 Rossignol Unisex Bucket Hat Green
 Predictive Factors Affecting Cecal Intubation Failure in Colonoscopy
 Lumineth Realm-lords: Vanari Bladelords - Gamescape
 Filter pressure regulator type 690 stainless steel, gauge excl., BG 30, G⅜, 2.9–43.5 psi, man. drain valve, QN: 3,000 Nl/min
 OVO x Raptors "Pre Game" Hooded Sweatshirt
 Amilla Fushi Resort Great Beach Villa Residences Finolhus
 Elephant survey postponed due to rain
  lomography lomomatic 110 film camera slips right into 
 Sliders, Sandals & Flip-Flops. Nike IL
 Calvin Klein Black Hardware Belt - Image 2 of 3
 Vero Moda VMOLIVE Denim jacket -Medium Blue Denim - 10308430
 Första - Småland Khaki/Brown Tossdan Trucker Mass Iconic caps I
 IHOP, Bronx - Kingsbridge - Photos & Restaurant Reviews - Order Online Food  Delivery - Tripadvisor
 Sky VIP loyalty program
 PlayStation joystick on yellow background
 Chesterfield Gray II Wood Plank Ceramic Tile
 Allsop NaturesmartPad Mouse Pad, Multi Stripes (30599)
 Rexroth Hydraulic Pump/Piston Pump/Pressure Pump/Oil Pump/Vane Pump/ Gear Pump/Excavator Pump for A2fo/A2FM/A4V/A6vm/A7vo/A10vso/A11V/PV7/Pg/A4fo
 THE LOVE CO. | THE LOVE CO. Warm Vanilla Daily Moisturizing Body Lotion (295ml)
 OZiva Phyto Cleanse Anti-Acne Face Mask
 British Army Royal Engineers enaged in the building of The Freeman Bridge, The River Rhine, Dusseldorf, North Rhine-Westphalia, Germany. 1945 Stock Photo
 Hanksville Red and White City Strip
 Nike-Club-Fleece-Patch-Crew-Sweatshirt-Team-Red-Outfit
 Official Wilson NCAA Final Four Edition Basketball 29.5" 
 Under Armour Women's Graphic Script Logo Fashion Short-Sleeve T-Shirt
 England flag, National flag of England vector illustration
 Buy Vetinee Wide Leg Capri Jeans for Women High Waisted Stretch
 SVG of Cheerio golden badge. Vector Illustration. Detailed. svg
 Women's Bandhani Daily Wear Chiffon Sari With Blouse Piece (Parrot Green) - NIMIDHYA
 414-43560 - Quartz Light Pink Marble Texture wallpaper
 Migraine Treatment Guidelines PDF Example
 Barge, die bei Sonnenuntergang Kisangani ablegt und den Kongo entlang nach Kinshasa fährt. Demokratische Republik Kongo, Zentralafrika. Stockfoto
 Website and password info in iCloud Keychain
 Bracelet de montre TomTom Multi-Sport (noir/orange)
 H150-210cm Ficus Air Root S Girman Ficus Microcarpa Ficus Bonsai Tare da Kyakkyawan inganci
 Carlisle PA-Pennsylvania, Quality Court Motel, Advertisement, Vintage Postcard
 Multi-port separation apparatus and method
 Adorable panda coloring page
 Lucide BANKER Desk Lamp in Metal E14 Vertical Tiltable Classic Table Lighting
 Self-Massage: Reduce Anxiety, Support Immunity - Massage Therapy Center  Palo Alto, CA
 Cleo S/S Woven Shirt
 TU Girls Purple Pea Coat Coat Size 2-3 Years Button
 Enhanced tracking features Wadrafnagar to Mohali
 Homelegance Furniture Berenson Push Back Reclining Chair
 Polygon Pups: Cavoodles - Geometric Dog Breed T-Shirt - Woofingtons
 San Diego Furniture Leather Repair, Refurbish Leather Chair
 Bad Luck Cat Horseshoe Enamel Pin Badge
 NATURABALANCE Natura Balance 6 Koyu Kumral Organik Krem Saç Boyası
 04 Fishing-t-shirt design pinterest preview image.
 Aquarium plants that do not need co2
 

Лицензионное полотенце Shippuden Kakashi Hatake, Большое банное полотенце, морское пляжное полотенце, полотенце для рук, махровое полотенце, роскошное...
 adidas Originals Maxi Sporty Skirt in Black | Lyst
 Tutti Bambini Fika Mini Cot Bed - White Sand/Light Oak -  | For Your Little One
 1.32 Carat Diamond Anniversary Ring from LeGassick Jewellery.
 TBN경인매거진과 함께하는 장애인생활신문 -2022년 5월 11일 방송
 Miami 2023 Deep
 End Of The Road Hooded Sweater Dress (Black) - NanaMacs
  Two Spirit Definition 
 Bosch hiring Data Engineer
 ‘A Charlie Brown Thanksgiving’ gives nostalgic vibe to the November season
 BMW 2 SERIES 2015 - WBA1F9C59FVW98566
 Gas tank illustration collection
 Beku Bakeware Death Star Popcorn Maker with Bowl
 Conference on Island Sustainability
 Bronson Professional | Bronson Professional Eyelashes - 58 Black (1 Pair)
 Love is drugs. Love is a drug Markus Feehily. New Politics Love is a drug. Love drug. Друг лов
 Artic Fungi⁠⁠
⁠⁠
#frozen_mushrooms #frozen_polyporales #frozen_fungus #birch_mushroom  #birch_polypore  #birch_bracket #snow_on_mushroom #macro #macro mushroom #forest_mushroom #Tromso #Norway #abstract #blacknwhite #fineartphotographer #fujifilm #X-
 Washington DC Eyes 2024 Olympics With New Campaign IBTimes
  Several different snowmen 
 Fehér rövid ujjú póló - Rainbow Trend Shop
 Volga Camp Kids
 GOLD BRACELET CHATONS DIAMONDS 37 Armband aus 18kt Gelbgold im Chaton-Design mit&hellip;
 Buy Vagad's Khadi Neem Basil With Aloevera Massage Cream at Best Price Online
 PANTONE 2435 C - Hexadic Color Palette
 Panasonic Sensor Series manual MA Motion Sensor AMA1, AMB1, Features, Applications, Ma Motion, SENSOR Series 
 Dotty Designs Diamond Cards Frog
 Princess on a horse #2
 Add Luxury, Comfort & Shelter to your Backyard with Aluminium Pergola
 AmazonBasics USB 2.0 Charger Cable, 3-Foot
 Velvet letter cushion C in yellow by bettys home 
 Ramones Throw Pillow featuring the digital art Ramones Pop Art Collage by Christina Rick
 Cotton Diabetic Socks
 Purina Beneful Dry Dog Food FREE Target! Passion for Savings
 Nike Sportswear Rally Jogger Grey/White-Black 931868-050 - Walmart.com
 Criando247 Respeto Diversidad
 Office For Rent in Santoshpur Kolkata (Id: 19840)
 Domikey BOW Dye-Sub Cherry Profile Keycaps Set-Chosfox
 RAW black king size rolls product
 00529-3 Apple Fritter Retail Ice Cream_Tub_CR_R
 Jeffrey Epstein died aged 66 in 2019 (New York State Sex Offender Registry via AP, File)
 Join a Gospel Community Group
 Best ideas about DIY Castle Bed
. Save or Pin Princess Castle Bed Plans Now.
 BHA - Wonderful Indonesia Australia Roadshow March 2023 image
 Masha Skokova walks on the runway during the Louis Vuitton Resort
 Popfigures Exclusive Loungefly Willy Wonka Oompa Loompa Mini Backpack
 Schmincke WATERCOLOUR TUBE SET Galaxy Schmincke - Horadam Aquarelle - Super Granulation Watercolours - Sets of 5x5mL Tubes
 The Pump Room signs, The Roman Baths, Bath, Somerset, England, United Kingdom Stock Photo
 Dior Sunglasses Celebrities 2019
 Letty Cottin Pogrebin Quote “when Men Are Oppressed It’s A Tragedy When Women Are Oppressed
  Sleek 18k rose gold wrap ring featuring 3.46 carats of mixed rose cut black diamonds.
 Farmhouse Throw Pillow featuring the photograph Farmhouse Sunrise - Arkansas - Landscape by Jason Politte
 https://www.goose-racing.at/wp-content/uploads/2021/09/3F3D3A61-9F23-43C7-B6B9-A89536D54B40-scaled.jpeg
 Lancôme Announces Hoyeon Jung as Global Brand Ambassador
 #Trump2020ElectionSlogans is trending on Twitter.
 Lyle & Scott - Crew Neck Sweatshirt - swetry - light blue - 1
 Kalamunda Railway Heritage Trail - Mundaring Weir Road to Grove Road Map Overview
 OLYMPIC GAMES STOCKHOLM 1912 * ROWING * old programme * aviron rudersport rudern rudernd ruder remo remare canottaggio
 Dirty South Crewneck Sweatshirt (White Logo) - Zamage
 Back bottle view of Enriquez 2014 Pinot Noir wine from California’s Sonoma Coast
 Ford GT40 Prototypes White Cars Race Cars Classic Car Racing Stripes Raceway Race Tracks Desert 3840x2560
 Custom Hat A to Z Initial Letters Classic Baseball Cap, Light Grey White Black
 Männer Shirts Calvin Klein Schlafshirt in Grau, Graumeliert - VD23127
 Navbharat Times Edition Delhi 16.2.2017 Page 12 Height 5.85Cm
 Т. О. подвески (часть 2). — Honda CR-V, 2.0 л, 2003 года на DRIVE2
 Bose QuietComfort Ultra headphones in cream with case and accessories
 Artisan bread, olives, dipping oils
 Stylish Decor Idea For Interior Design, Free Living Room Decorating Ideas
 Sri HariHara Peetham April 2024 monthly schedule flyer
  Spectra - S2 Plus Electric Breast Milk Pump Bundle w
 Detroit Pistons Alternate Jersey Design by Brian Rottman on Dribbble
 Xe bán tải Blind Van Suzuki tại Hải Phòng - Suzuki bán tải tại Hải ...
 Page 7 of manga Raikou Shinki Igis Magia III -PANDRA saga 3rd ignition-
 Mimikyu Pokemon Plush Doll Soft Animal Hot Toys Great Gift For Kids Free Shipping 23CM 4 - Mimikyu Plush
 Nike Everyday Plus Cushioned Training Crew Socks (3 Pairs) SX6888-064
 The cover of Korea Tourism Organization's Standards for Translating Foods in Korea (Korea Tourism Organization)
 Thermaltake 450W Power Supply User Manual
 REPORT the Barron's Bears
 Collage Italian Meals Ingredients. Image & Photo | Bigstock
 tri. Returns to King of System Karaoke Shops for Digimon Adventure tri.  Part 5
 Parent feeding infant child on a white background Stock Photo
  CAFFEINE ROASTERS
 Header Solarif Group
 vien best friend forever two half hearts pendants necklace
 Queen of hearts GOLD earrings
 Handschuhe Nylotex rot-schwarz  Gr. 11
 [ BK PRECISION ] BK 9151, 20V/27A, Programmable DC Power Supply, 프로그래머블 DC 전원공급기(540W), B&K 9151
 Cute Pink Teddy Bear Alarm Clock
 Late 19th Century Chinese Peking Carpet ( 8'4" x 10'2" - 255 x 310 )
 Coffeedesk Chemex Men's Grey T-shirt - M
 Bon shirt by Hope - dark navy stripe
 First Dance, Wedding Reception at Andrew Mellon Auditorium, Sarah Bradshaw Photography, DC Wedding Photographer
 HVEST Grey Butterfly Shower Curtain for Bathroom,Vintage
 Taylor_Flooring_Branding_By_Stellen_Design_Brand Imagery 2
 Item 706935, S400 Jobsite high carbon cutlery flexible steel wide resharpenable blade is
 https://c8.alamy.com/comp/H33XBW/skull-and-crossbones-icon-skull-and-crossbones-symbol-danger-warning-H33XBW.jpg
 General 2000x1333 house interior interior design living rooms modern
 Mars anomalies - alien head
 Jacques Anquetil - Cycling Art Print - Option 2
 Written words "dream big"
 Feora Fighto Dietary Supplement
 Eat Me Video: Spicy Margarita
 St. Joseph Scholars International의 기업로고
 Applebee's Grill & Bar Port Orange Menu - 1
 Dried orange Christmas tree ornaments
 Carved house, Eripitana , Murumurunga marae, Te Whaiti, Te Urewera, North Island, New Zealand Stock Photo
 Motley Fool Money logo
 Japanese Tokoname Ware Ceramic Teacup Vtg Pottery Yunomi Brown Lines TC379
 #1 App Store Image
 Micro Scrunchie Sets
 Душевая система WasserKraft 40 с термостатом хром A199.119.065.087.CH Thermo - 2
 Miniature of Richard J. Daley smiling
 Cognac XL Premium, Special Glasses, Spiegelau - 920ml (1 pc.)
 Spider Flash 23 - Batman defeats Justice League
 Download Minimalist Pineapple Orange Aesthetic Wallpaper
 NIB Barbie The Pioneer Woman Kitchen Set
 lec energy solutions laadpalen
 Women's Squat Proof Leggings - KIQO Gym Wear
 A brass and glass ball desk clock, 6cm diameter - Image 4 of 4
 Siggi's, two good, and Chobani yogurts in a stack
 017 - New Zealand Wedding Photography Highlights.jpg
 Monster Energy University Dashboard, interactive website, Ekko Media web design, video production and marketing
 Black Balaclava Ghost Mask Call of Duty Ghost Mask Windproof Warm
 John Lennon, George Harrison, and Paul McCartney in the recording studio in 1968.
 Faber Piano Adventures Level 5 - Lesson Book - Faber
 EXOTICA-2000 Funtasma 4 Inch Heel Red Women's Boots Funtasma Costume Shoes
------------
What needs to be done: Select the lines in this material that hold the word "Massage", leaving none out.

Answer for this exercise:
 Self-Massage: Reduce Anxiety, Support Immunity - Massage Therapy Center  Palo Alto, CA
 Buy Vagad's Khadi Neem Basil With Aloevera Massage Cream at Best Price Online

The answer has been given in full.